Data provided>
────────────────────

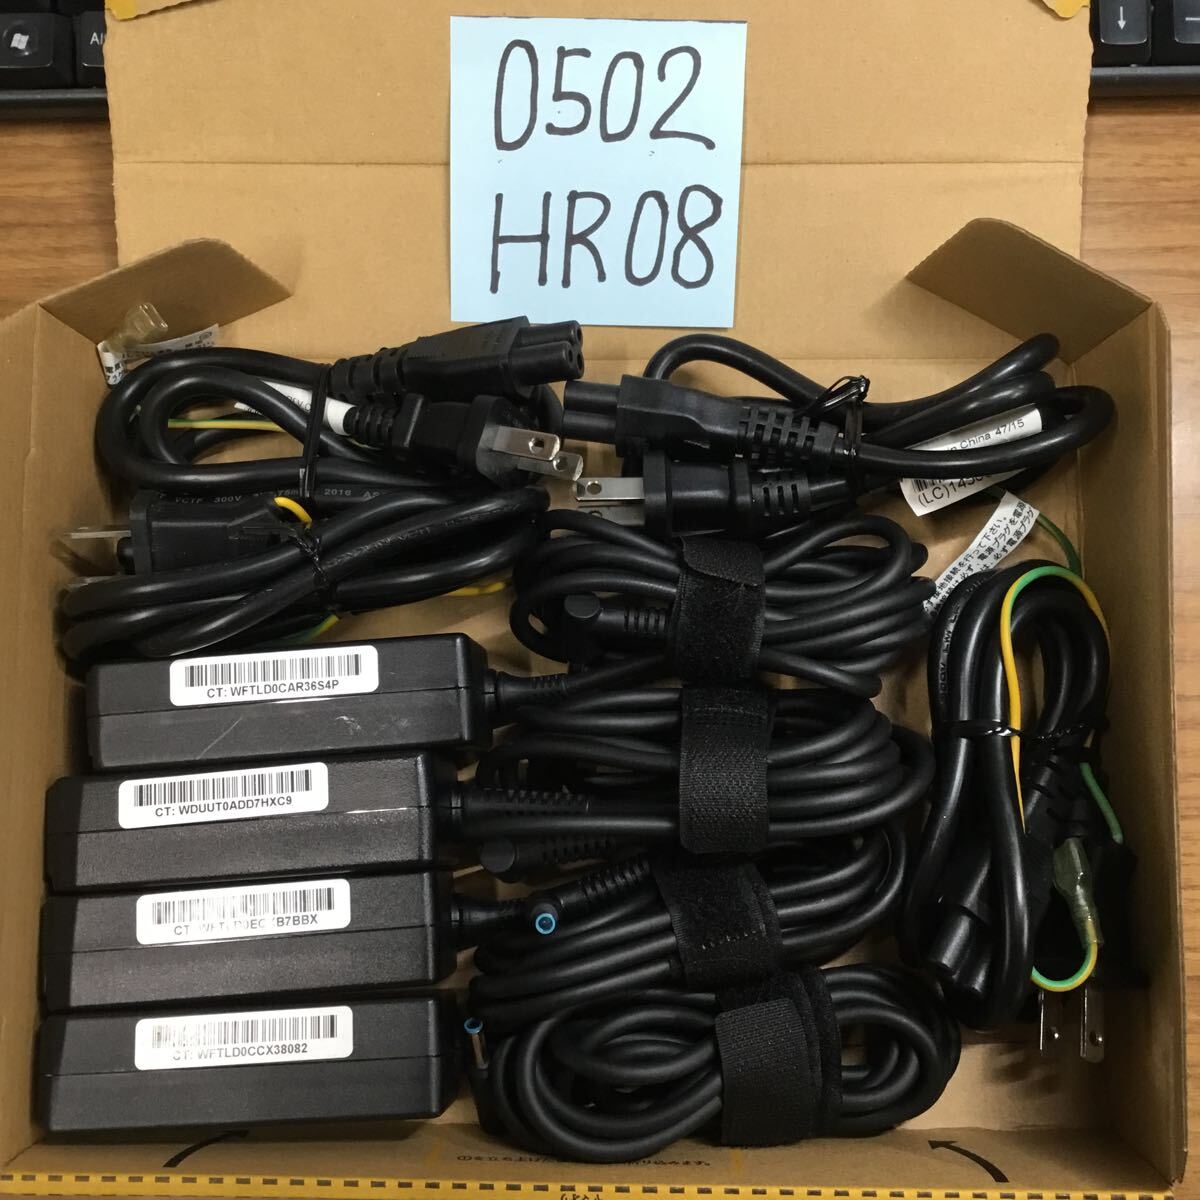 (0502HR08) free shipping / used /HP/HSTNN-DA40/19.5V/2.31A/ original AC adapter 4 piece set 
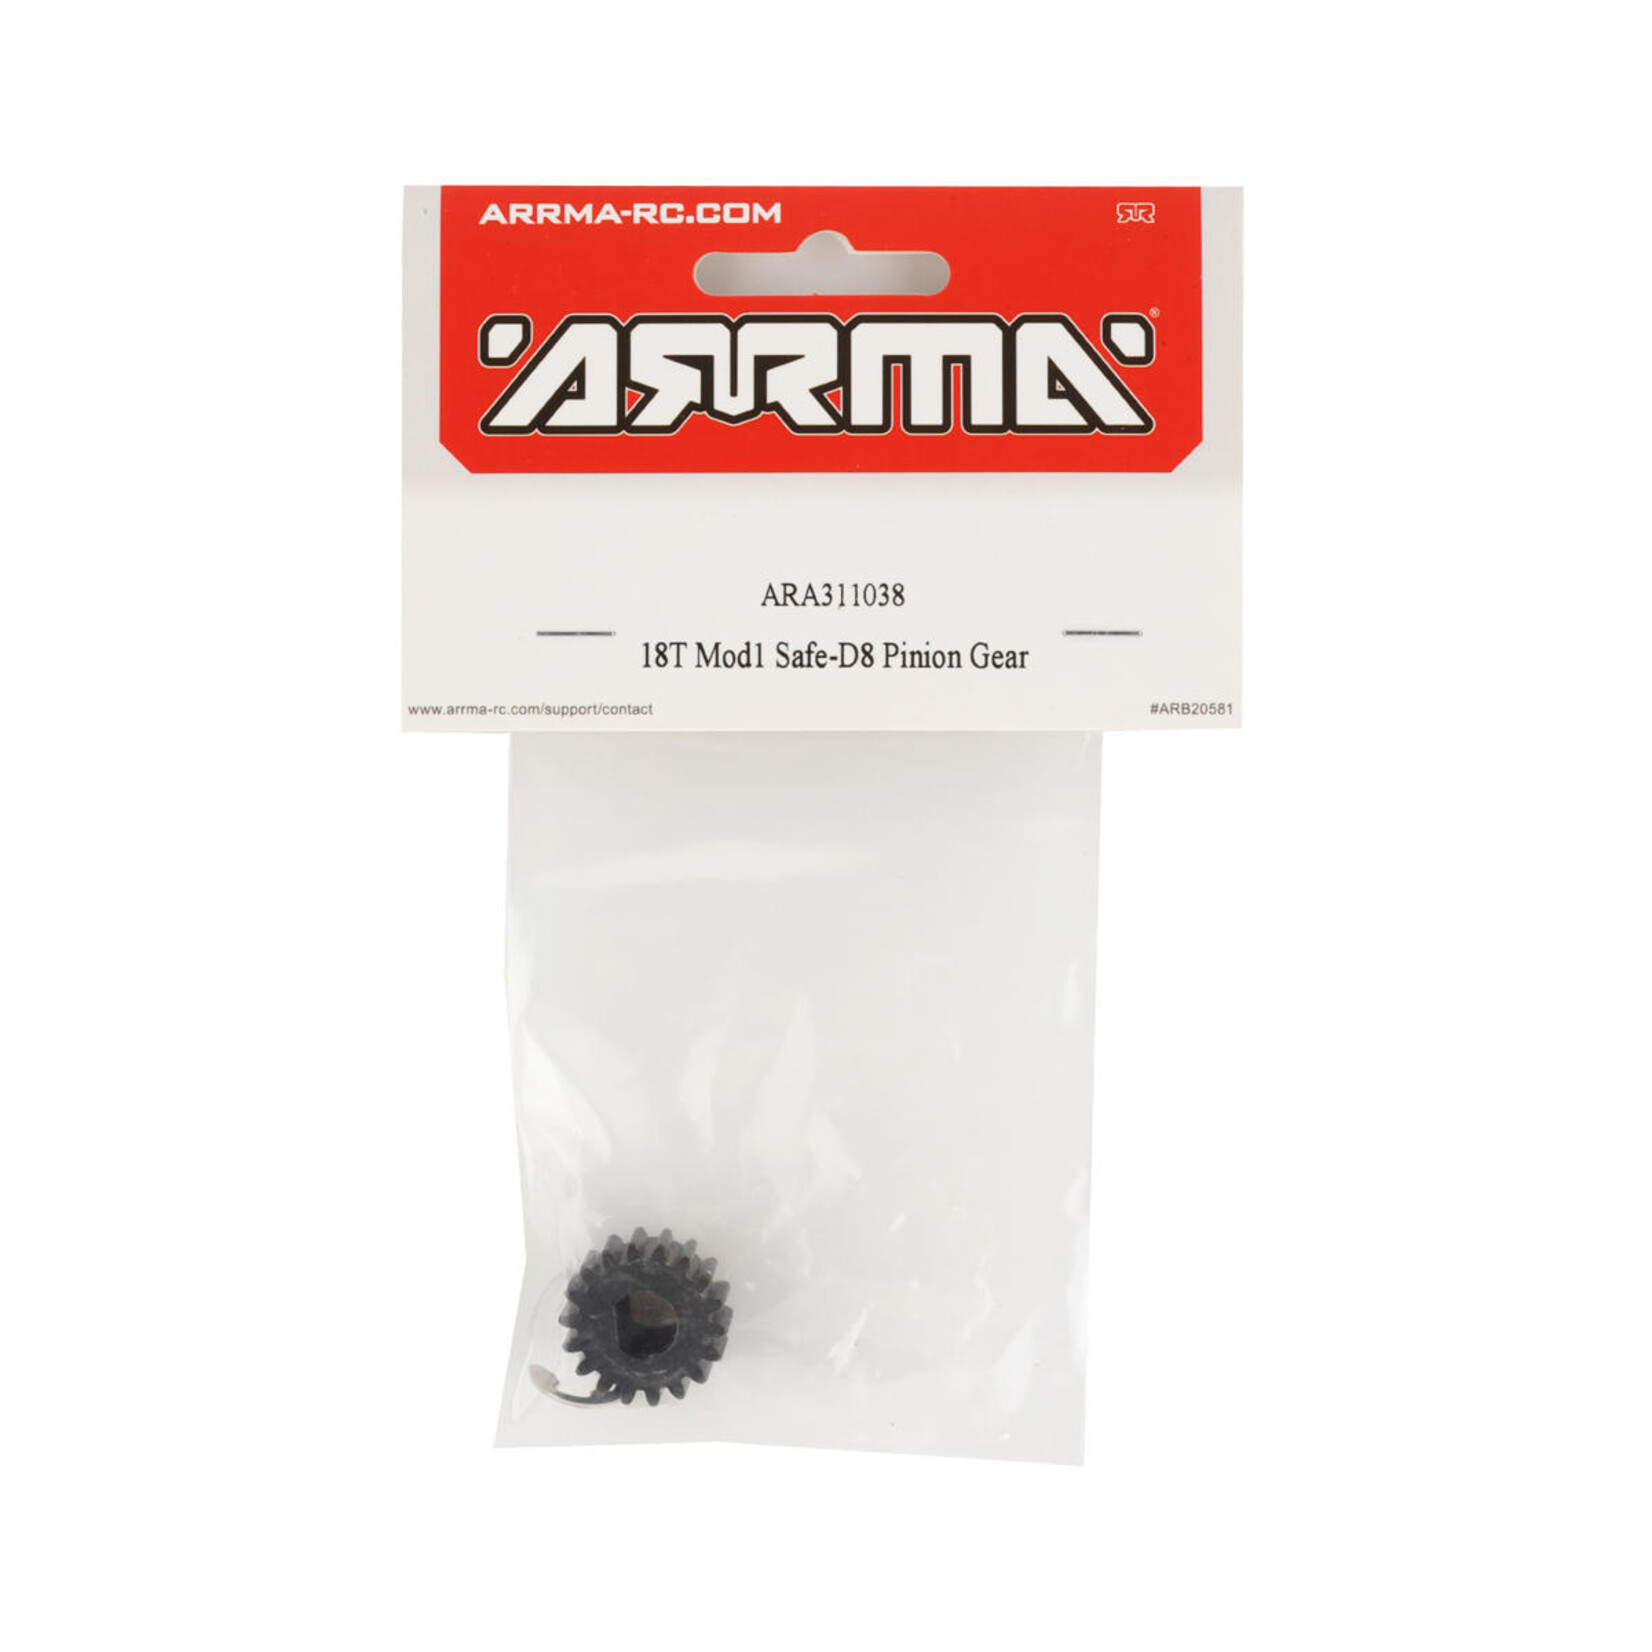 ARRMA Arrma Safe-D8 Mod1 Pinion Gear (18T) #ARA311038
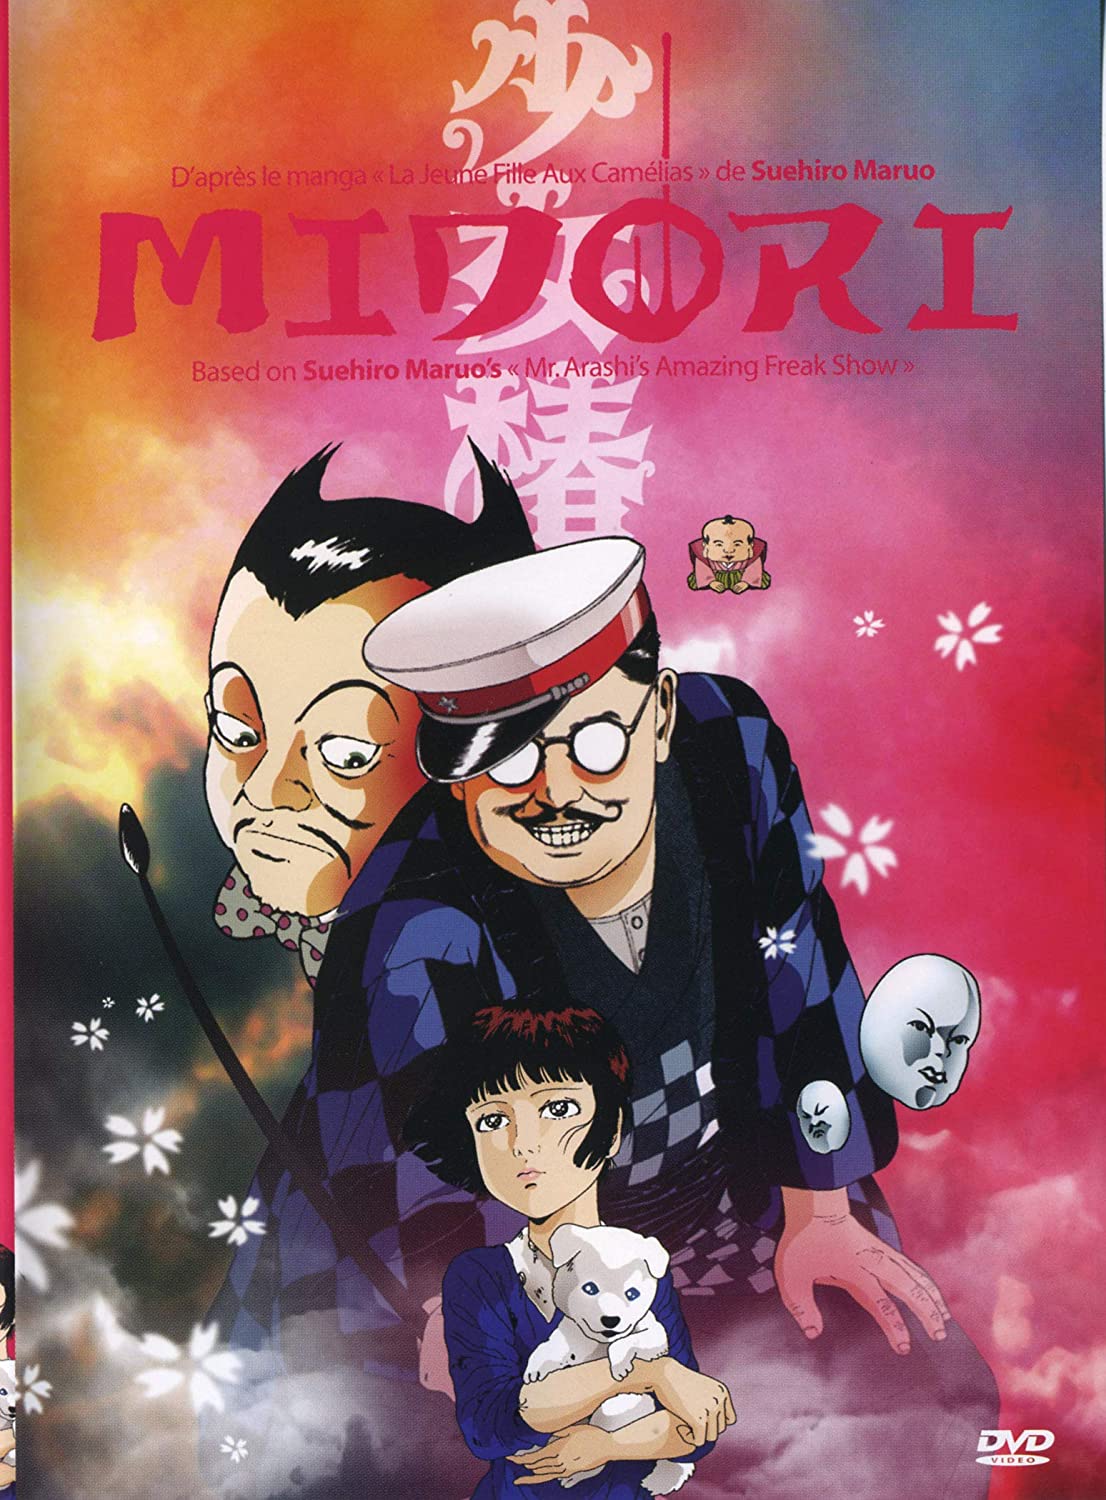 Midori (1992)

────────────────────

Exercise goal> Nothing but the pictures should be left out when the material above is copied.

Response to this task>
 (0502HR08) free shipping / used /HP/HSTNN-DA40/19.5V/2.31A/ original AC adapter 4 piece set 
 ARRMA Arrma Safe-D8 Mod1 Pinion Gear (18T) #ARA311038
 Midori (1992)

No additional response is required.